Uma das participantes verbaliza como se dá essa ofensa. “Pareço tão velha assim? Sou saudável. Posso ficar de pé”, ela diz.

Além disso, a liberação do assento para um idoso reforça seu caráter de peso para a sociedade produtiva que tem de ceder lugar e abrir espaço para os improdutivos, como discutirei na análise dos documentos e diretrizes internacionais para o envelhecimento. O peso da inatividade é exacerbado ainda mais pela cultura paulistana, e na exaltação do trabalho na constituição identitária da cidade (MARINS, 1999). Por conta disso, o direito ao assento preferencial é relativizado por alguns dos participantes da pesquisa. Nesses casos, quando a pessoa que está ocupando o lugar do idoso está voltando da jornada de trabalho, o idoso pode ceder a “preferência” para aquele que trabalha. Nesse sentido, é possível resgatar como localmente a dignidade está construída sobre a noção de utilidade, com aquele que se mantém produtivo sendo mais digno do que o improdutivo.

 

Além disso, os assentos preferenciais são mobilizados para distinção entre os próprios idosos.

No espaço público, sua utilização sinaliza para eles (e entre eles) quem são os “velhos velhos” – o que para os participantes da pesquisa calha de ser sempre o outro. Como resume um deles, “entra no ônibus, jovem está sentado lá, no lugar do idoso, ele não levanta para dar lugar para idoso. Para mim não, mas para os idosos mesmo. Eu não, que eu vou em pé, mas eu tô um velho legal”. Essa classificação e julgamento estão implicados em um mecanismo de comparação social e autovigilância que é central no desenvolvimento dessa tese.

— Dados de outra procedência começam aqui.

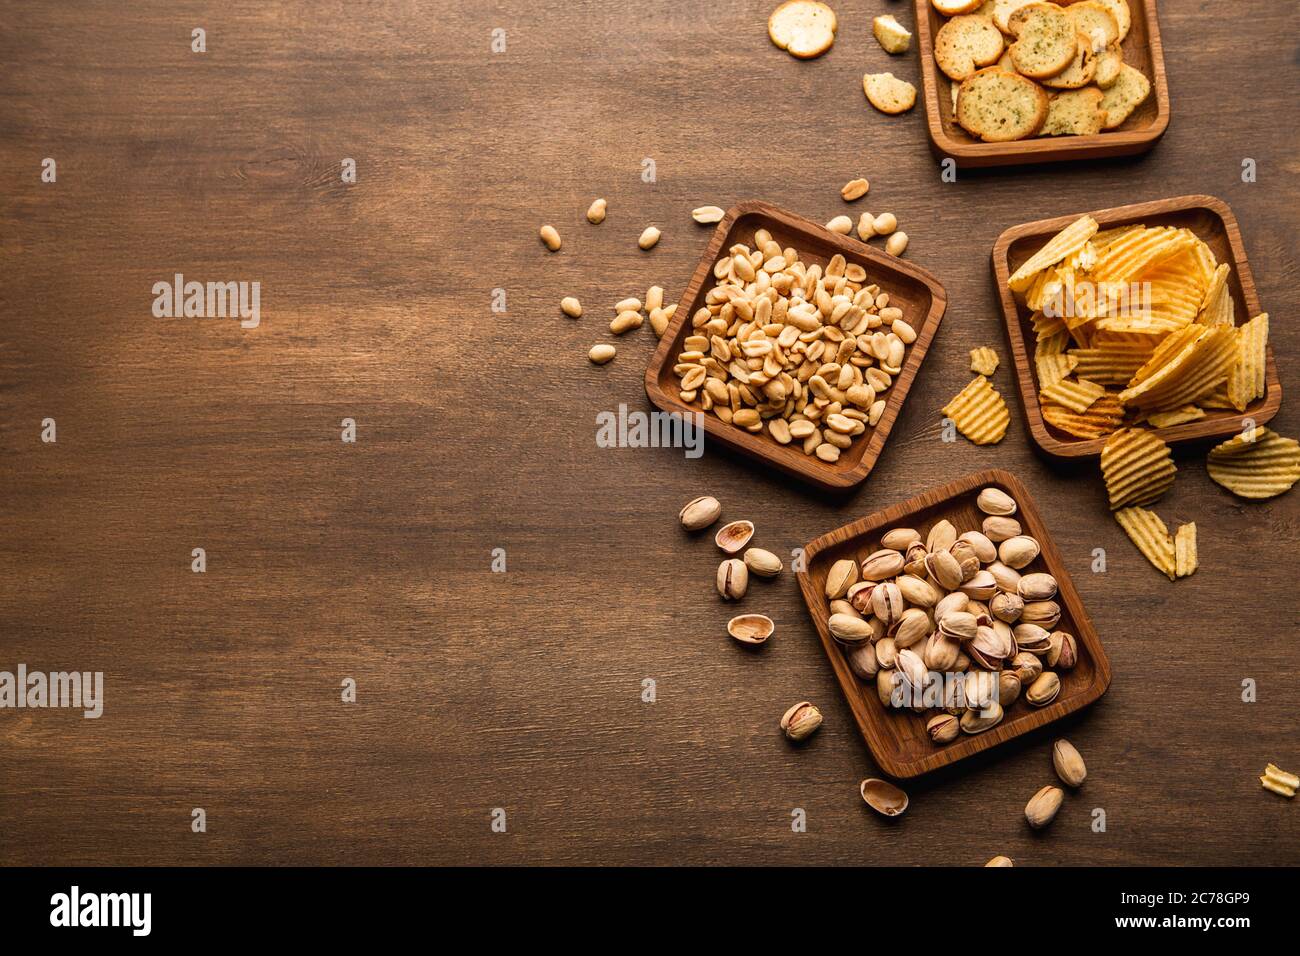 Crispy snacks on background. Pistachios, nuts, crisps and chips in plate and scattered on table Stock Photo

A partir dele, propus que, já na interiorização dos discursos e representações que cunham um ideal de idoso, os participantes da pesquisa se empreguem em uma performance que se dá nos espaços públicos e nas redes sociais.

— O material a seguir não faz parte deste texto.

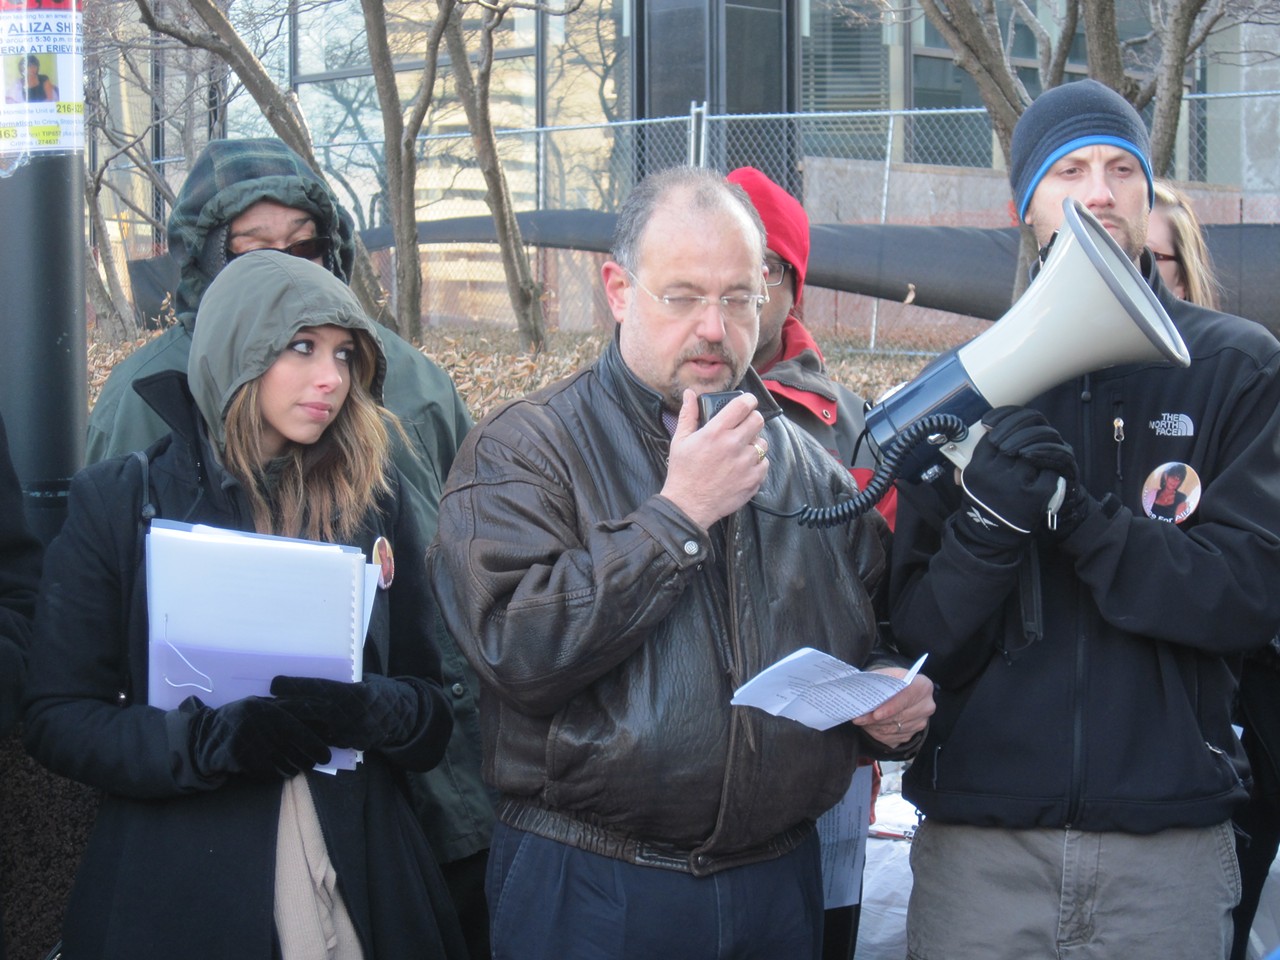 Edward Czinn, Aliza's brother, speaks during the rally.

Essa performance visa uma identidade cunhada em termos de saúde e produtividade, cuja finalidade é resguardar a reputação desses idosos da sociedade, da comunidade e dos pares.

E é sob esse aspecto que o consumo de smartphones se mostra mais impactante para a experiência de envelhecimento. Meu argumento é que os smartphones viabilizem zonas de invisibilidade para as fragilidades e para os declínios do corpo, mas também para os comportamentos desviantes e consumos irresponsáveis que retomam a velhice como fase de realizações e liberdades – ainda que essas passem a ser, como demonstrarei, condicionadas à autonomia e ao sucesso de cada um no exercício da resiliência.
Para dar conta dessa complexidade, fez-se necessária a mobilização de múltiplas metodologias, cujas escolhas foram determinantes do modo como cada um desses vetores foi construído e de como eles se articulam entre si nessa tese.

Essa é a justificativa que apresento para esta brevíssima introdução.

Não é possível introduzir e contextualizar a velhice mediada por smartphones e transpassada por discursos moralizantes como construída nessa pesquisa sem reconhecer que ela foi construída para essa pesquisa. Isso significa elucidar as escolhas metodológicas que resultaram em sua conceituação e aquelas outras que estruturaram sua problematização, permitindo que se chegasse a algumas conclusões e não a outras.

Além disso, trata-se de inserir a autora no mesmo mecanismo que confere aos participantes da pesquisa a ilusão de que são sujeitos-protagonistas das táticas que se convertem em suas experiências individuais de envelhecimento.

A autoria dessa tese é também, nesta perspectiva, ilusão de autonomia, uma vez que essa tomada de palavra se dá a partir de discursos anteriores que fundamentam os campos de saberes aos quais essa pesquisa se filia (PÊCHEUX, 2014). Por conseguinte, abrevio aqui essa introdução e opto pela passagem imediata para o capítulo de metodologia, marco zero dessa pesquisa, para apresentar as escolhas que definiram aquilo que diz essa tese e aquilo que me permitiu dizê-lo da forma como foi dito e de nenhuma outra.